Le plus malicieux : si vous connaissez le petit génie qui a décidé d’installer une borne de recharge dans un parking dont l’accès est contrôlé par une barrière sans que l’on sache comment en sortir. « Mettez votre jeton ». « Mais quel jeton ? On le trouve où ? Tout est fermé, on est dimanche soir… »

Le plus commercial : votre centre commercial favori a réservé des places, près des portes, pour charger les voitures électriques. En plus c’est gratuit.
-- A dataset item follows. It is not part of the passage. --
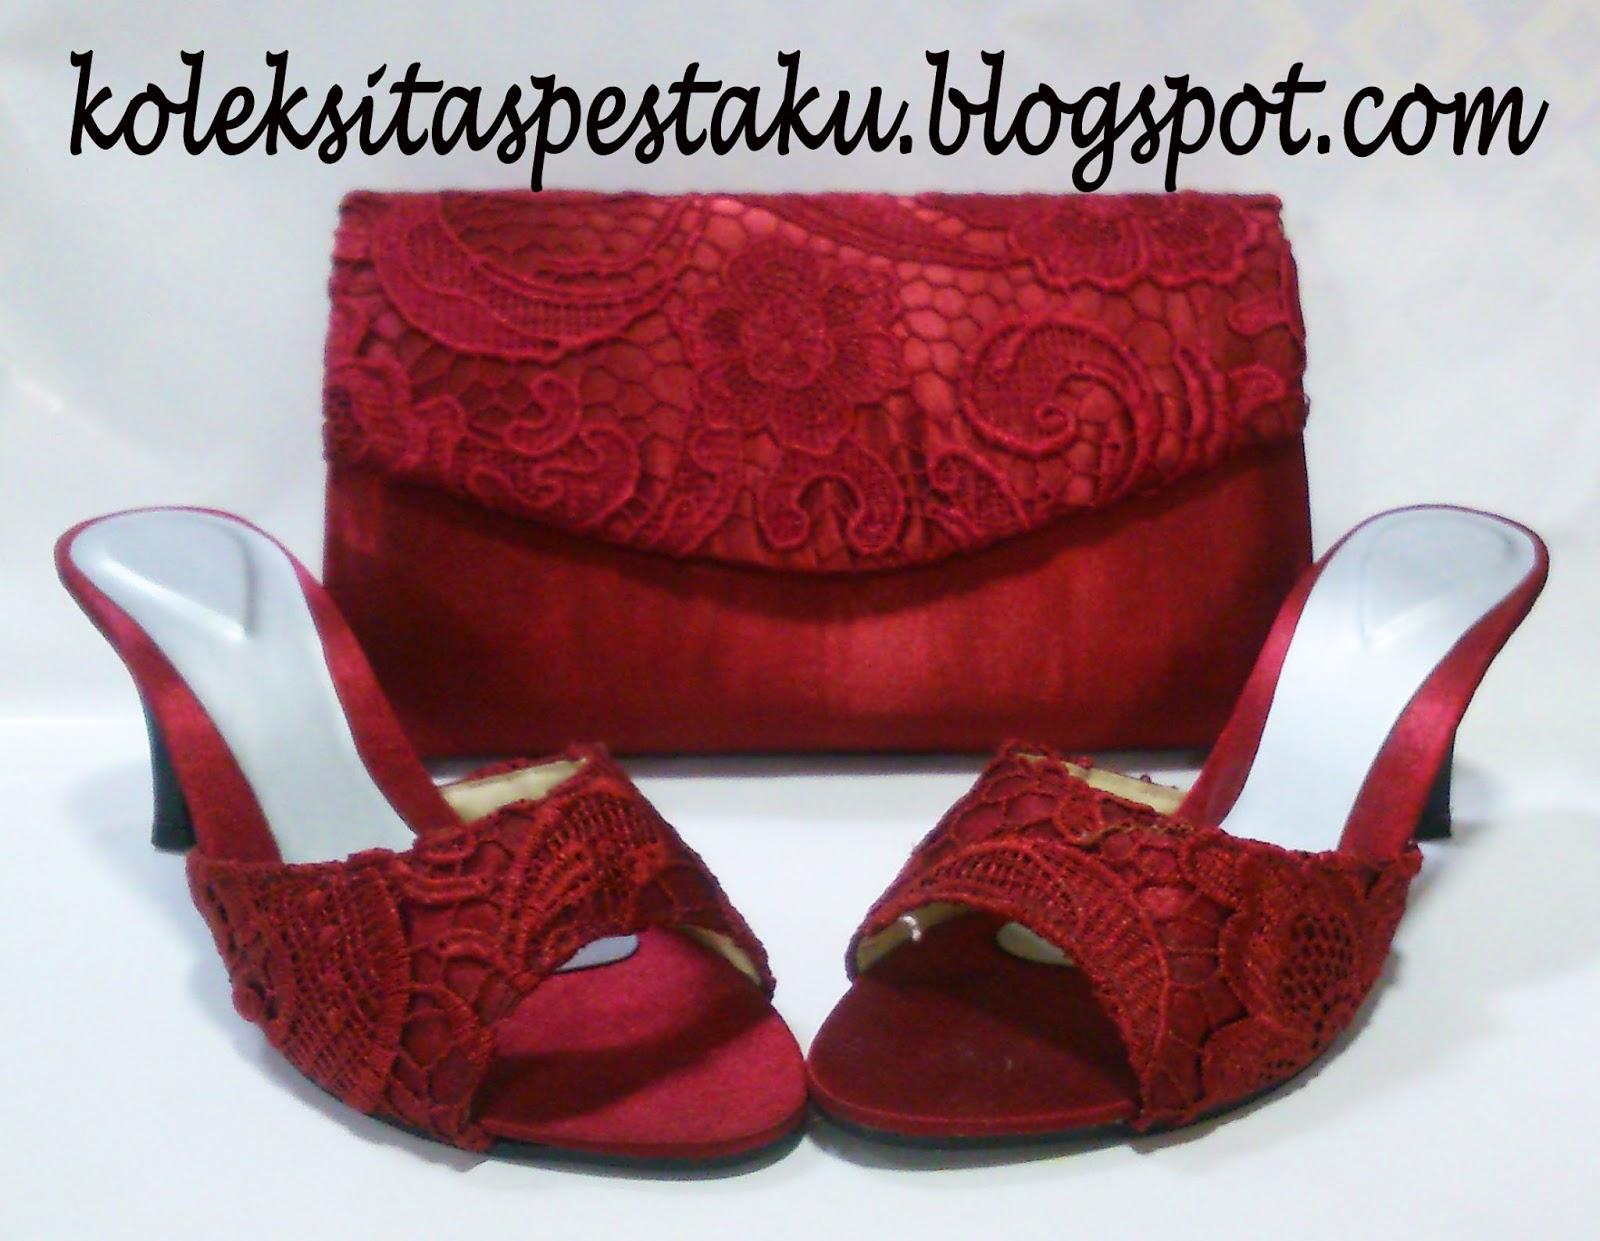 Sandal Pesta dan Tas Pesta Maroon Mewah Cantik Unik

Génial, si on se faisait un petit après-midi shopping ? Mais ce samedi, c’est la foire aux casseroles. La tente est installée sur « votre » parking à prise électrique… Faudra se stationner là-bas tout au bout, comme tout le monde. Et vous débrouiller avec vos 10 km d’autonomie pour rentrer.

Le plus polyglotte : grâce à cette borne, vous avez appris l’allemand. Car, à force, vous en avez assez de lui demander de parler en français ou en néerlandais en appuyant 4 fois sur ses boutons tout froids. Certes, il y a bien une communauté germanophone en Belgique, mais elle ne se trouve pas à 15 km de Bruxelles !

Le plus écolo : enfin une borne « rapide » qui fonctionne parfaitement. De retour après 15 minutes de charge, vous venez de gagner 3 km d’autonomie. Mais pourquoi ? Parce qu’il est 22h30 et que cette borne est alimentée par énergie solaire et qu’en cas de nécessité, liée à sa réserve accumulée lors de cette magnifique journée automnale sous la drache, sa puissance est réduite. « Il est où l’hôtel le plus proche, que j’attende le printemps ? »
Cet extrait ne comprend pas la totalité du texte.